Неприятный холодок пробежал по спинам сидящих в гостиной людей. Многие уже хотели отказаться от подобной затеи, но все же любопытство взяло верх над страхами и выжидательные взоры присутствующих обратились на высокого статного князя.

— Вам всем известна моя страсть к старинным книгам. И, конечно, вне всякого сомнения, вам ведома моя давнишняя мечта: найти библиотеку Ивана Грозного, которая, по преданию, все еще находится в Москве. Для достижения своей цели я трачу немалые средства, но пока поиски не увенчались успехом…

— Никифор Андреевич, — прервал рассказ князя граф Акусин. — Хорошо, что вы напомнили… Совсем недавно по роду деятельности я натолкнулся на очень любопытный документ. Без сомнения, для вас он представляет большой интерес. Документ старинный и, по моему мнению, имеет отношение к вашим поискам.
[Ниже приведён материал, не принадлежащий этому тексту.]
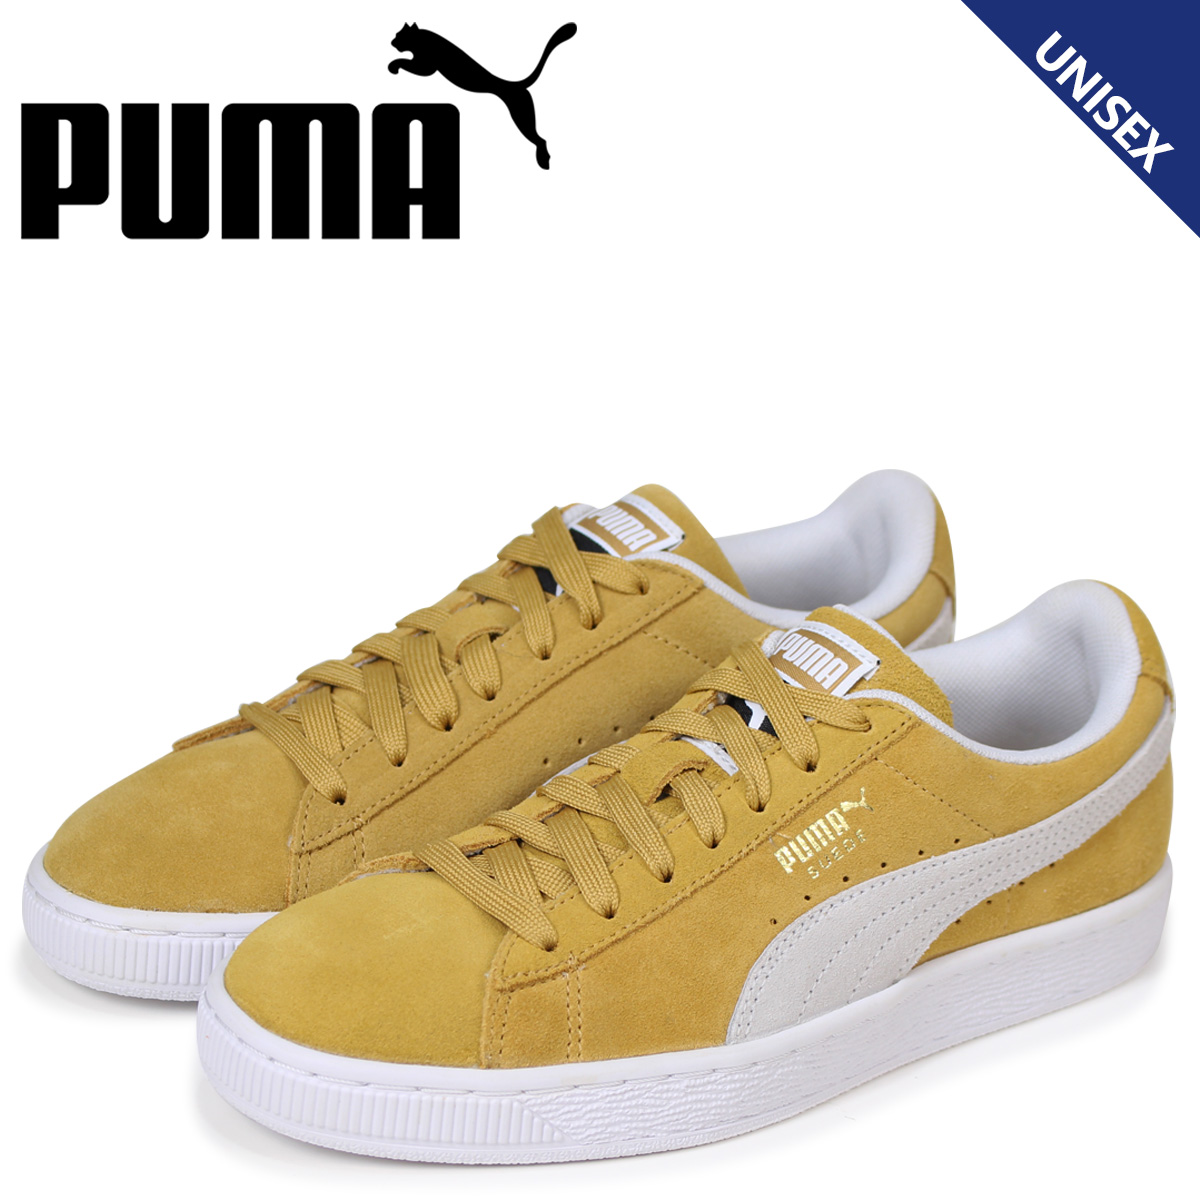 promo code b3e08 b0cf7 PUMA Puma suede classical music sneakers men gap Dis SUEDE CLASSIC  365,347-10 yellow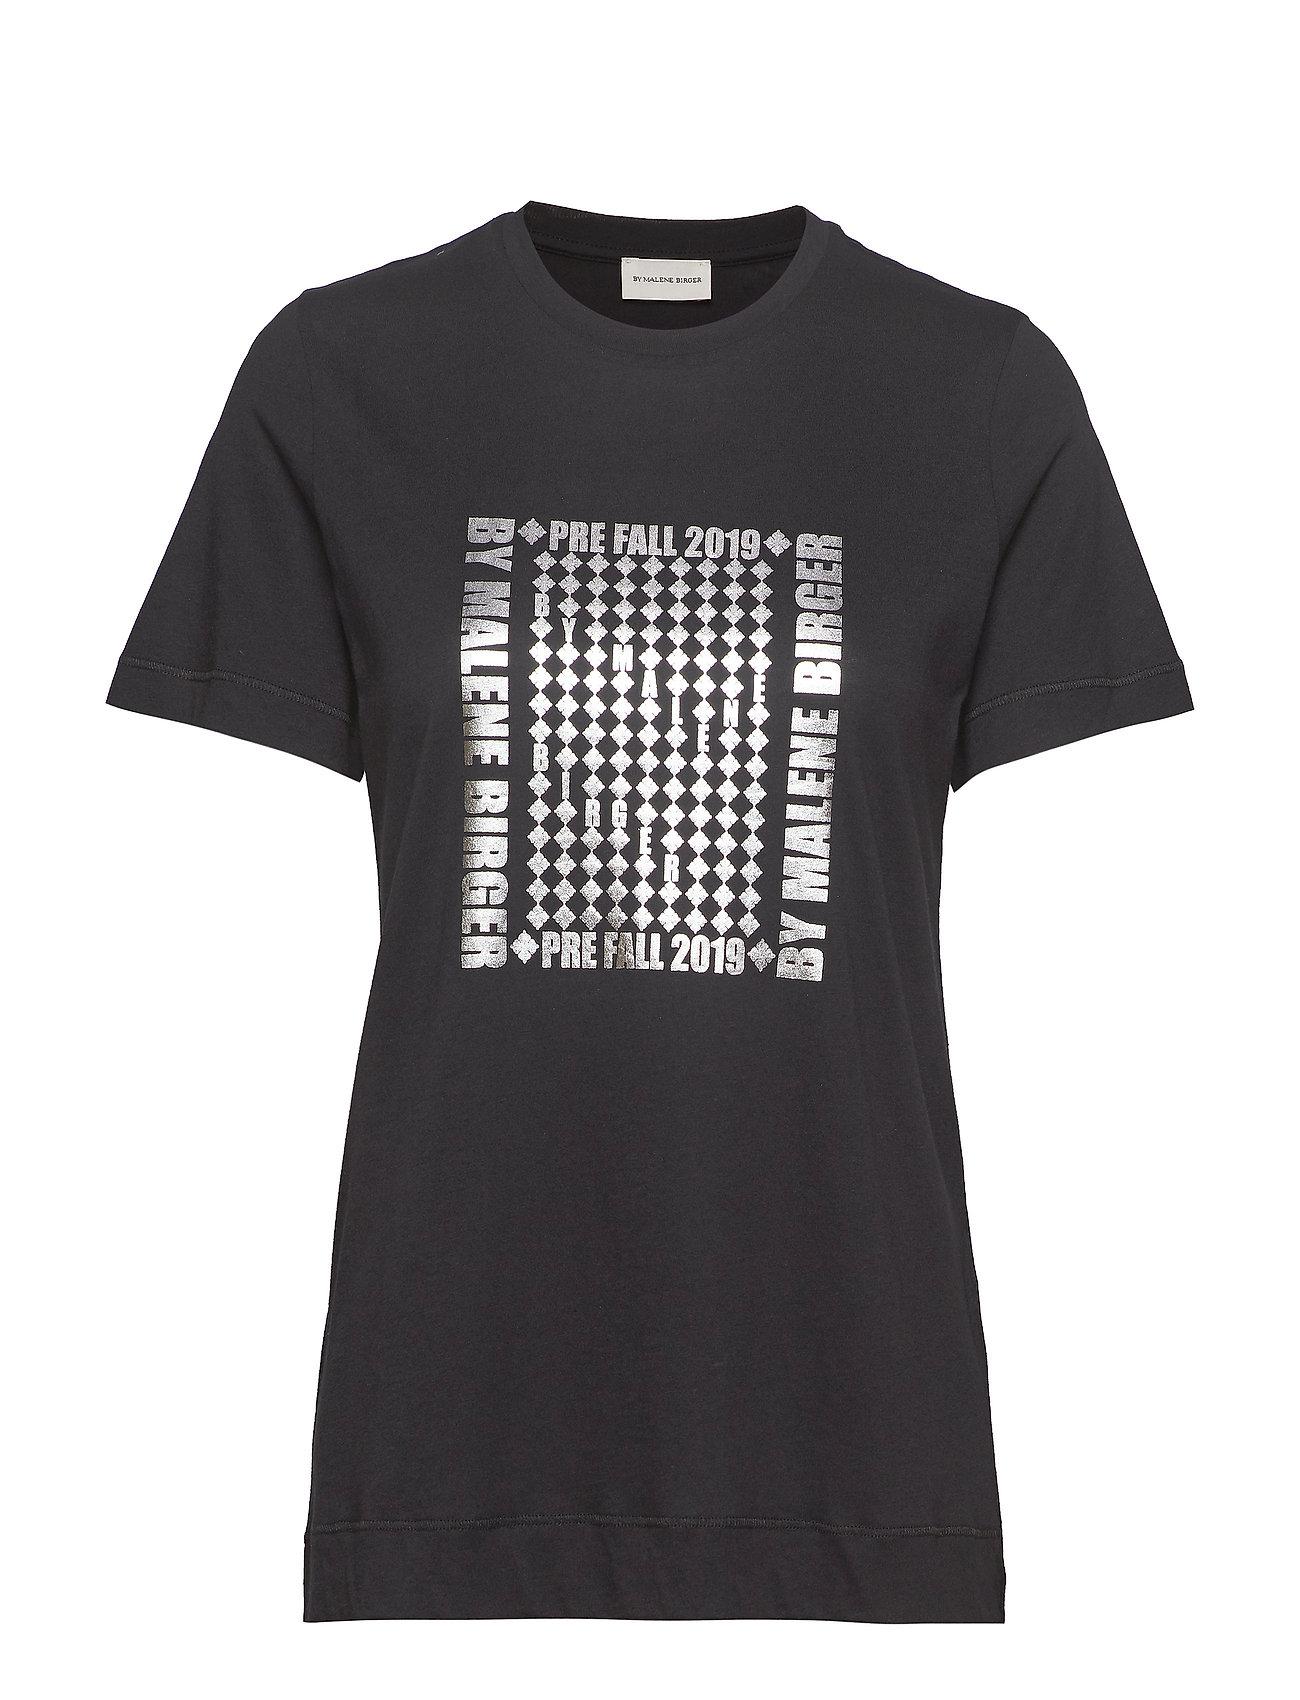 Image of Manja T-shirt Top Sort By Malene Birger (3173240173)

Глаза князя загорелись лихорадочным огнем. Им овладело сильное волнение. Он уже мало походил на того флегматичного человека, редко участвовавшего во всеобщем разговоре (а если  и принимавшего в нем участие, то лишь затем, чтобы выразить недоверие к подлинности описываемых событий), какого знали  в салоне Натальи Андреевны. Его уважали за старые заслуги перед Отечеством, но за спиной порой высмеивали за чрезмерную важность.

— Граф, вы заставляете сердце старого вояки биться, как перед решающим сражением. Как? Где?

— Чуточку позже, милостивый государь, ибо мы с нетерпением ждем вашей страшной истории, — запротестовали гости, которые с не меньшим азартом ожидали повествования князя.

Никифор Андреевич обвел всех взволнованным взглядом, но не найдя ни в ком поддержки, сдался.

— Bien, — понурив голову, ответил князь. — Как я могу отказать нашим прелестным дамам… Как я уже упомянул, для осуществления своей мечты я не жалею ни времени, ни денег. Когда я ушел в отставку, эта мечта стала смыслом всей моей жизни. Для этого я много езжу по монастырям, сижу в пыльных, темных библиотеках. Иногда встречаются необычные и очень старые книги, древние свитки. Но в них ни разу не упоминалось о библиотеке грозного царя…

Князь замолчал. Воспоминания на время вытеснили жгучее желание узнать о документе, упомянутом графом Акусиным. На лицо Никифора Андреевича легла тень озабоченности, а блеск холодных голубых глаз, которых так боялись его подчиненные, потух. Гости Натальи Андреевны уже давно были знакомы с этим суровым человеком, лишенным сентиментальности. Он всегда трезво оценивал ситуацию и не верил ни в сверхъестественные силы, ни в оккультные науки.

В зале царила мертвая тишина. Напряжение возрастало с каждой минутой, но князь, по-видимому, этого не замечал и продолжал молчать, погруженный в свои мысли.

— Никифор Андреевич, голубчик, — наконец нарушила молчание Наталья Андреевна. — Как это безжалостно с вашей  стороны — заставлять нас ждать. N’est-ce pas? — она обвела взглядом свой дружеский кружок. Все одобрительно закивали головами.

Князь вздрогнул и слегка покраснел, устыдившись свой рассеянности.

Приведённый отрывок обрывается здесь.